English as it is employed in areas where it is the major native language of the community, such as in the British Isles, North America and Australasia, is a language which has the fullest possible range of styles running from the most to the least formal. This obviously does not mean to say, however, that all speakers have equal access to or ability in all styles, and it is generally accepted that one of the objectives of mother tongue education is to give pupils exposure to styles at the more formal end of the continuum that they might otherwise not gain any ability in using.

Stylistic differences in English are most obvious at the level of lexis. Consider the differences between

Father was exceedingly fatigued subsequent to his extensive peregrination.

Dad was very tired after his lengthy journey.

The old man was bloody knackered after his long trip .

Although one could argue about some of the details, we can accept that these three sentences have more or less the same referential meaning, and thus differ only in style – and that the stylistic differences are indicated by lexical choice. It is also clear that native speakers are very sensitive to the fact that stylistic variation constitutes a cline: some of the words here, such as was, his are stylistically neutral; others range in formality from the ridiculously formal peregrination through very formal fatigued to intermediate tired to informal trip to very informal knackered and tabooed informal bloody. It will be observed that, as is often the case, the most informal or “slang” words are regionally restricted, being in this case unknown or unusual in North American English. It will also be observed that there are no strict co-occurrence restrictions here as there are in some languages – one can say long journey and lengthy trip just as well as lengthy journey and long trip.

Formality in English is, however, by no means confined to lexis.

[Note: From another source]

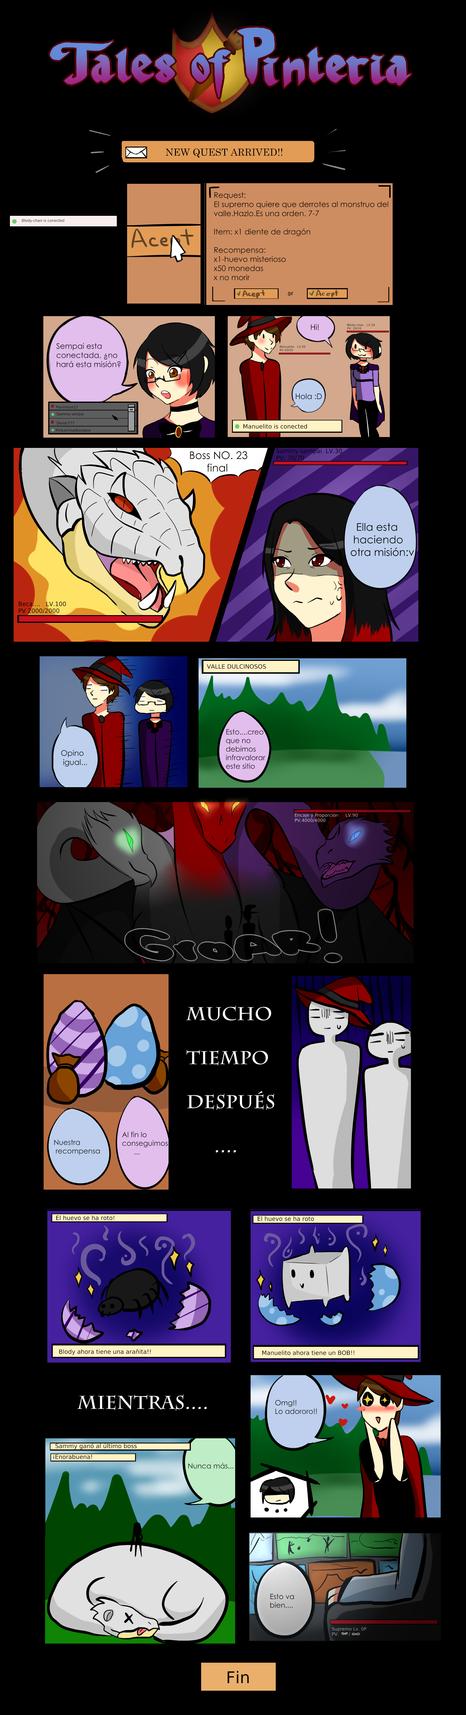 tails of pinteria #1 (spanish) by ultra-bloodbath

Grammatical constructions vary as between informal and formal English – it is often claimed, for instance, that the passive voice is more frequent in formal than in informal styles – and, as has been shown by many works in the Labovian secular linguistics tradition, starting with Labov (1966), phonology is also highly sensitive to style.

As far as the relationship between style, on the one hand, and Standard English, on the other, is concerned, we can say the following. The phonological sensitivity to stylistic context just referred to obviously has no connection to Standard English since, as we have noted, Standard English has no connection with phonology.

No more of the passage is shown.